[PATCH v17 0/5] perf tools: Add inject --aslr feature, early maps loading, and decoupling fixes

[Ian Rogers]

This patch series introduces the new 'perf inject --aslr' feature to
remap virtual memory addresses or drop physical memory event leaks
when profile record data is shared between machines. Bundled with this
feature is a bug fix inside the core map tracking tool that hardens
perf session analysis against concurrent lookup data races.

Detailed Mechanism of MMAP Mapping and ASLR virtual Address Allocation:

The ASLR tool virtualizes the address space of the recorded processes by
intercepting MMAP and MMAP2 events to build a consistent translation
database, which is subsequently used to rewrite sample addresses.

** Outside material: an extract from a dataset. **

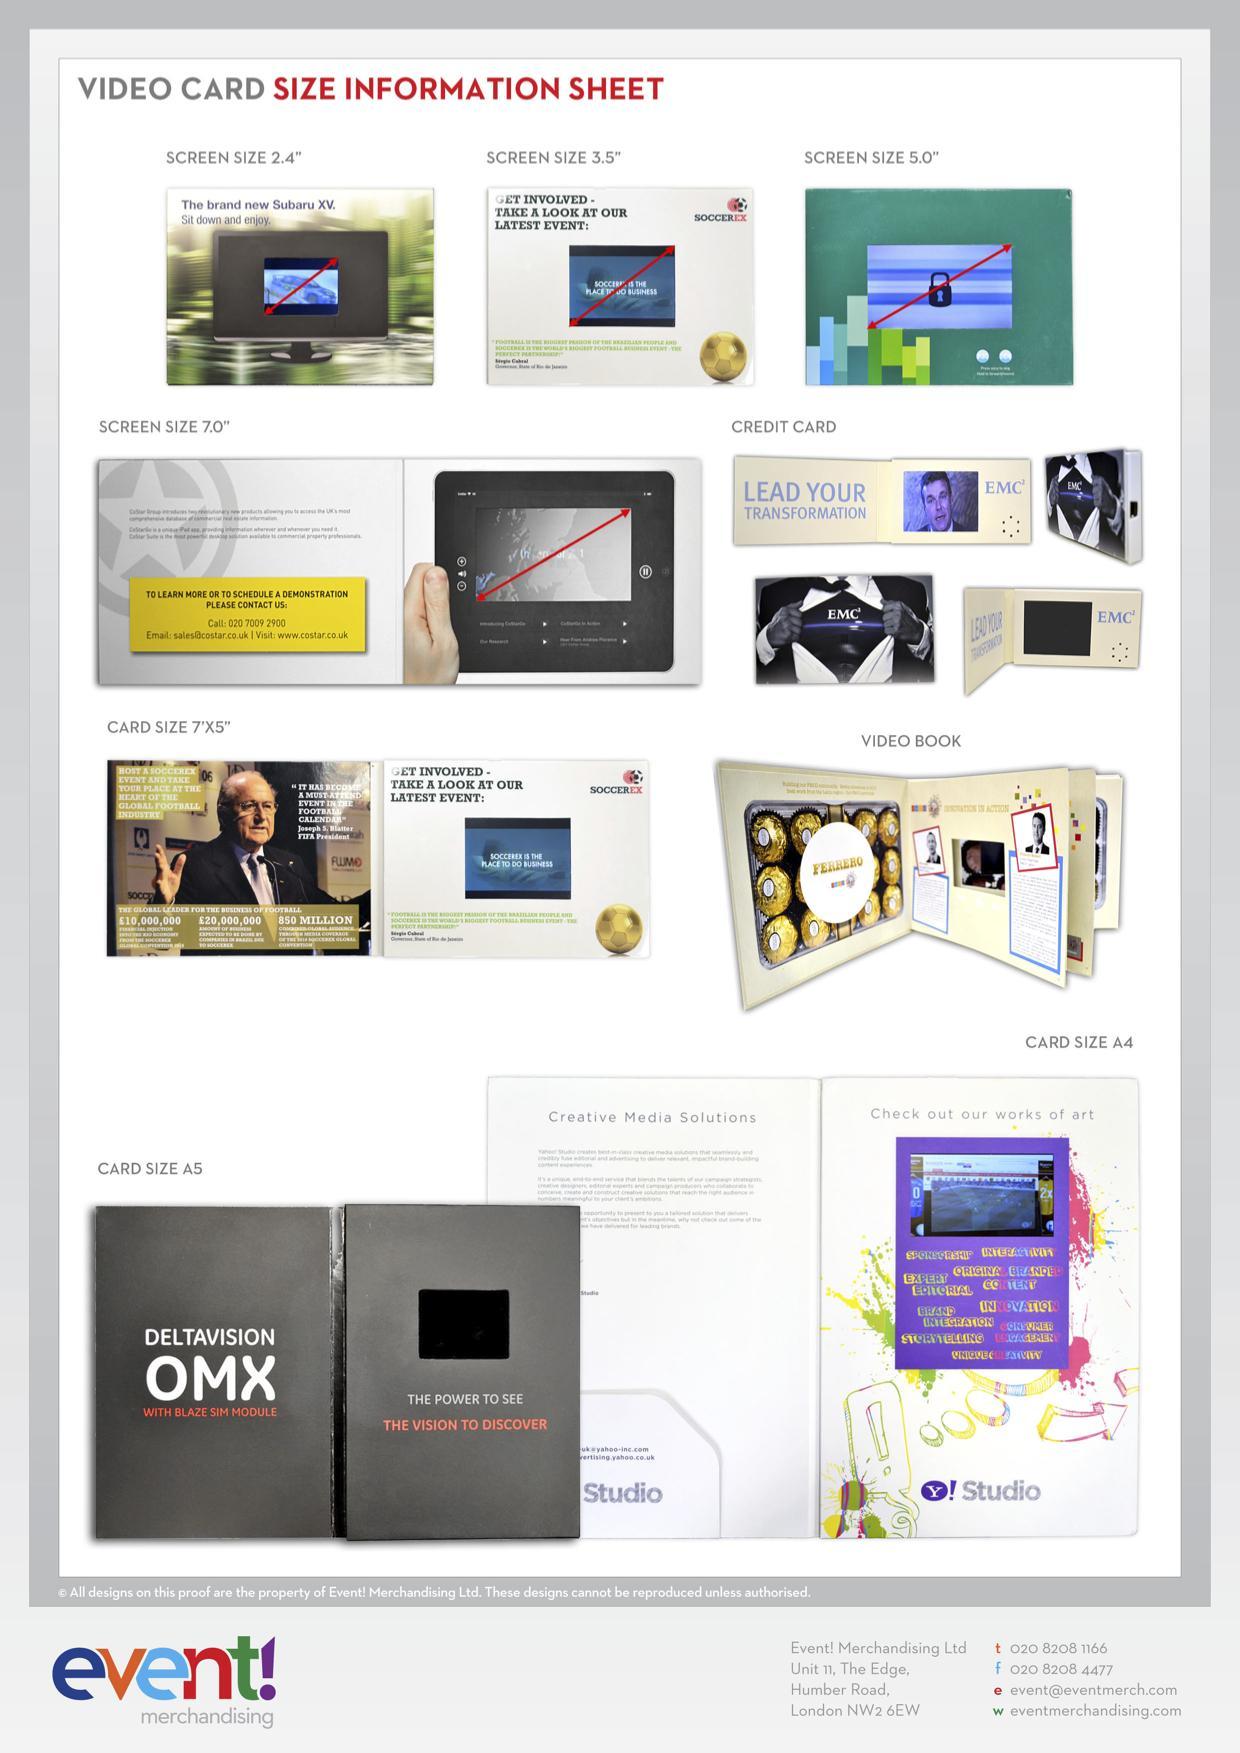 Video Brochure sizes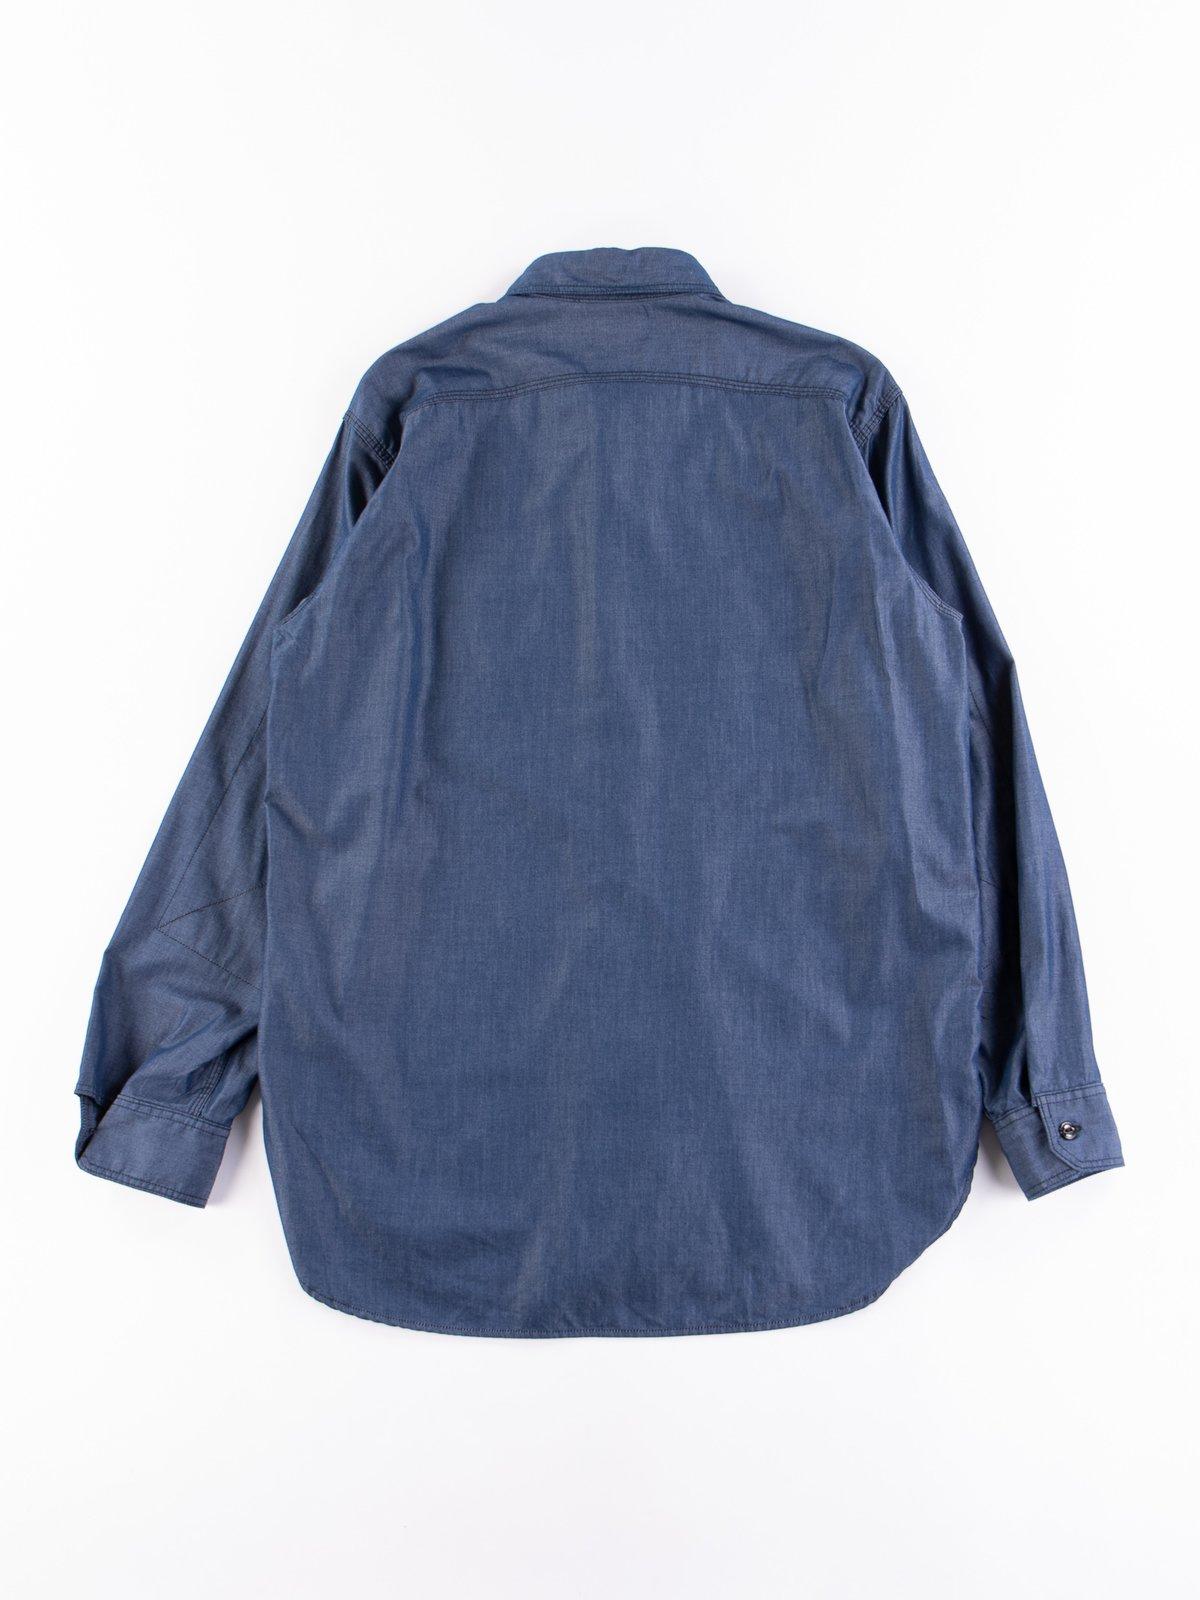 Dark Blue Light Weight Denim Work Shirt - Image 5

It maintains two primary lookup databases using hash maps:
1. 'remap_addresses': Maps an original mapping key to its new remapped
   base address. The key uses topological invariant coordinates:
   (machine, dso, invariant). The invariant is computed as (start - pgoff)
   for DSO-backed mappings. This invariant remains constant even when
   perf's internal overlap-resolution splits a VMA into fragmented
   pieces, ensuring split maps resolve consistently back to the same
   remapped base.
2. 'top_addresses': Tracks the allocation state per process (machine, pid).
   It maintains 'remapped_max' (the highest allocated address in the
   virtualized space).

For each MMAP/MMAP2 event:
- We look up the DSO and invariant key in 'remap_addresses'. If found, we
  reuse the translation, preserving the offset within the mapping.
- If not found, we allocate a new remapped address space:
  - We use thread__find_map to look up the mapping immediately preceding
    the new one in the original address space (at start - 1). If
    the preceding
    mapping was also remapped, we place the new mapping
    contiguously after it in the remapped space. This preserves
    contiguity of split mappings (e.g., symbols split by HugeTLB,
    or anonymous .bss segments adjacent to initialized data).
  - If no contiguous mapping is found, we insert a 1-page gap from
    the highest allocated address (remapped_max) to prevent accidental
    merging of unrelated VMAs.
- The event's start address (and pgoff for kernel maps) is rewritten,
  and the event is delegated to the output writer.

To remain strictly conservative and guarantee security, the tool
scrubs breakpoint addresses (bp_addr) from all synthesized stream
headers, completely drops PERF_RECORD_TEXT_POKE events to prevent
absolute immediate pointer operands leaks, and drops unsupported
complex payloads (such as user register stacks, raw tracepoints, and
hardware AUX tracing frames).

Verification is reinforced with shell test ('inject_aslr.sh').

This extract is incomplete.